Habituados há tempo demais…

Por Carmo Rodeia

“Os preços dos combustíveis só descem quando acabar a guerra”, disse esta quarta-feira o Primeiro-Ministro, António Costa, em Paris, em declarações aos jornalistas, entre um almoço com o presidente francês Emanuel Macron e uma visita a uma exposição.

“É preciso ser claro para todos, os preços só vão baixar quando a guerra parar e quando for restabelecida a normalidade no fornecimento de combustível. Enquanto a guerra continuar, enquanto continuar a haver este aumento do preço no mercado internacional, é evidente que [o preço] sobe também em Portugal”, disse António Costa aos jornalistas, como o que a deixar um conselho: habituem-se que não há volta a dar.

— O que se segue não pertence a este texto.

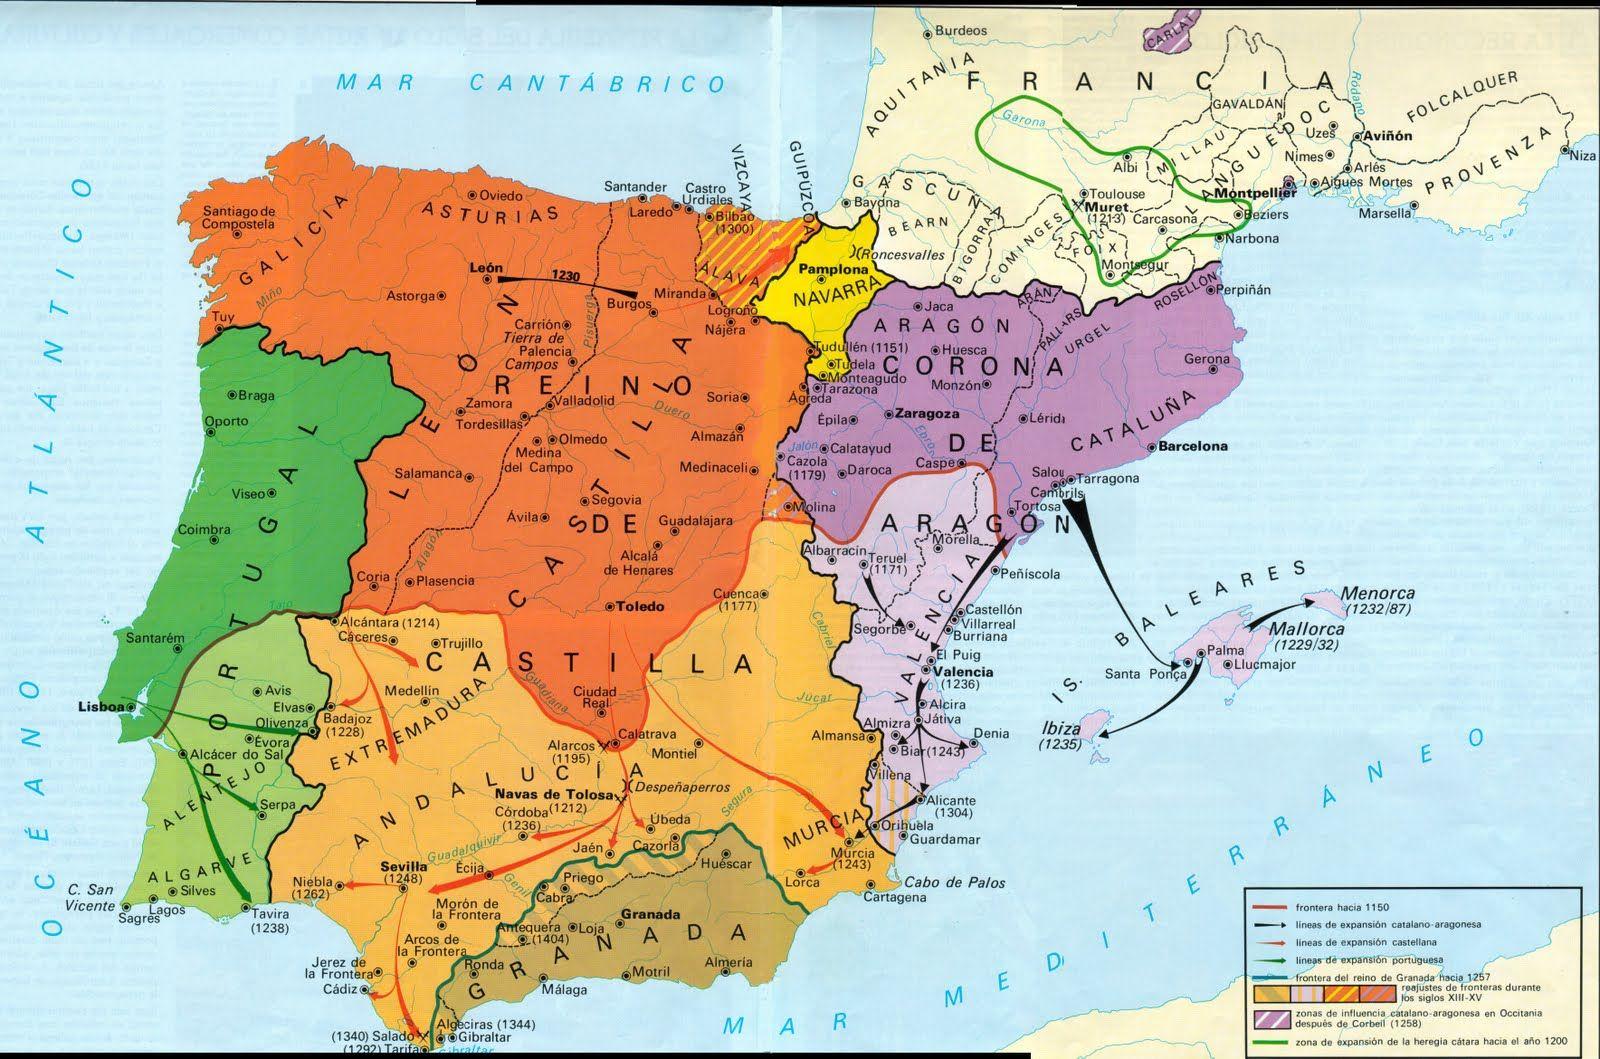 Navas De Tolosa Mapa.La Peninsula Despues De Las Navas De Tolosa Mapa De Espana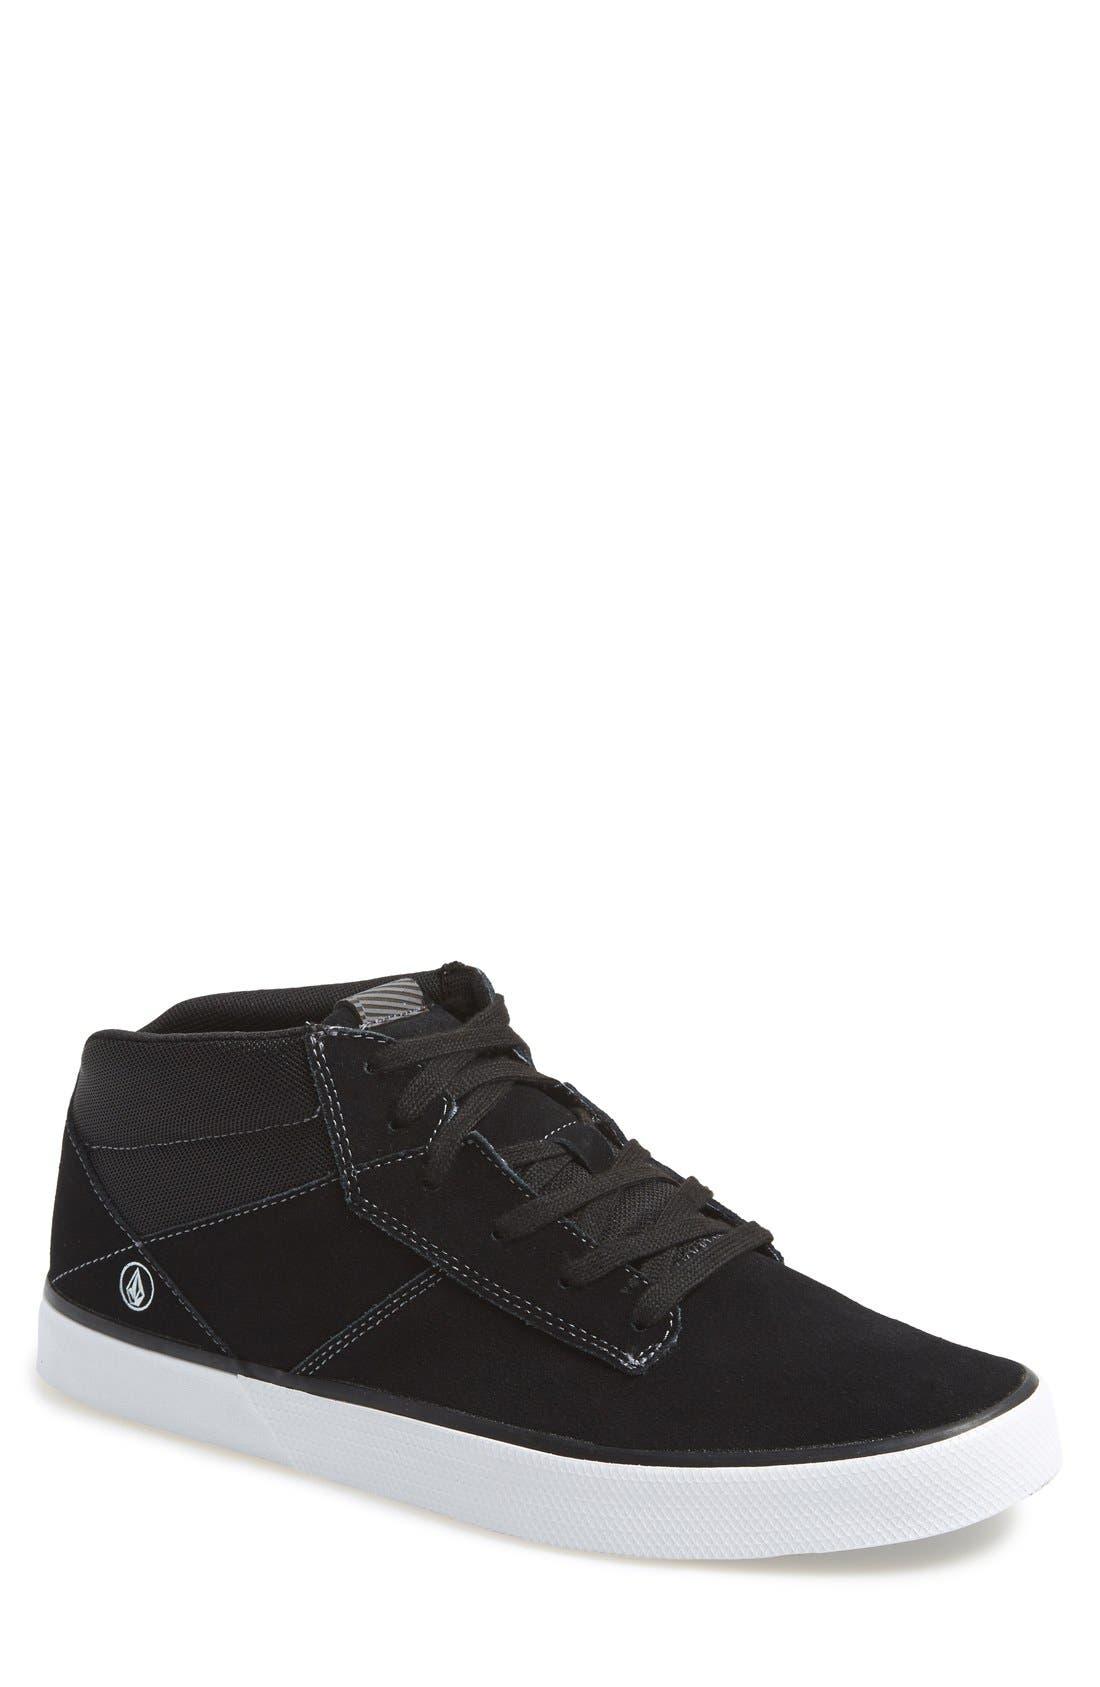 'Grimm Mid 2' Sneaker, Main, color, 018

E prosseguia: “Estas medidas que implementamos do ponto de vista local podem mitigar o impacto para o consumidor e para as famílias, as medidas de apoio às empresas que são consumidoras intensivas de energia podem mitigar este aumento, mas obviamente que mitigar não significa eliminar”.

Fez-me lembrar o Primeiro-Ministro António Costa de 2017, embora, reconheço, com um tom menos áspero do que aquele que adoptou quando morreram 70 pessoas, na sequência de um incêndio em Pedrogão. Na altura disse-nos que nos habituássemos aos incêndios, e consequentemente aos seus efeitos, “porque os governos não têm varinhas de condão” nem “há soluções mágicas para os incêndios” e os portugueses , como adultos, “sabiam isso”.

Sabemos, então não sabemos…”São as voltas, ai amor são voltas/ são as voltas da maralha” como cantam na Vaca de Fogo, os Madredeus. E, neste caso, a `sentença´ está dada: habituemo-nos. Habituemo-nos, pois, se entretanto conseguirmos sobreviver ao `hábito” que mais do que fazer-nos monges, como diz o ditado,  faz-nos bem mais pobres.

Senão vejamos.

A escalada de preços dos combustíveis vai continuar; e por via disso, todos os preços de matérias consumíveis vão disparar e não vão existir outras ajudas.

O aumento dos salários médios abrandou para 1,9% no último trimestre do ano, em termos homólogos, para 1.507 euros, o que de acordo com o Instituto Nacional de Estatística (INE) significa que os salários estão a cair em termos reais. Portanto, com o mesmo dinheiro compramos muitíssimo menos, embora os dias dos meses se mantenham e a comida seja necessária durante todos os mesmos dias.

Os dados da Organização para a Cooperação e Desenvolvimento Económico (OCDE) revelam que Portugal está na lista dos dez países com um salário médio mais baixo. Em 25 anos, não houve melhorias comparativas. Pelo contrário, em 2020, ano do indicador mais recente, Portugal ocupava a 6.ª posição mais baixa entre 35 países.

Dois terços dos trabalhadores por conta de outrem (TCO) em Portugal já estarão a perder poder de compra salarial.

Resumindo estamos de novo em austeridade e ninguém nos avisou convenientemente, mas já devíamos estar habituados. Afinal somos adultos e informados.

O orçamento que acaba de ser aprovado, e ainda não foi promulgado, está desatualizado e tem  como valores de referência outra realidade. Mas, não há medidas alternativas, pelo menos até ao fim do ano.

“Habituem-se!?”. Estamos mais do que habituados, pena é que estejamos igualmente conformados. Se não é assim, parece.

O mundo está mesmo estranho, e cada vez mais desigual. E Portugal está também cada vez mais desigual. Gritantemente desigual: desigualdade entre quem trabalha no sector público e no sector privado; mas também uma desigualdade entre homens e mulheres, para trabalho igual. Para já não falar nos jovens. Enchemos a boca para dizer que possuímos a geração mais qualificada de sempre, e que orgulho isso é; mas também devíamos dizer com vergonha que temos a geração mais qualificada e melhor preparada que é a mais mal paga de sempre.

O PIB português até cresceu no primeiro trimestre mais do que em todos os países da zona euro , mas nos últimos dois anos Portugal não conseguiu sequer convergir com a média europeia; aliás, até perdeu dois pontos acima da média Europeia e recuperou menos e mais devagar. É o que dizem os economistas…

Para ajudar á festa, a taxa de inflação de referência, considerada no OE é de 4%, quando na realidade já se abeirou dos 8%.. E os juros vão aumentar representando mais encargos para as famílias que têm crédito à habitação.

Habituem-se!, pois…

O Papa no inicio da pandemia alertava, e bem, que ninguém se salva sozinho. Mas com estas opções ninguém se salva mesmo, nem sozinho nem acompanhado.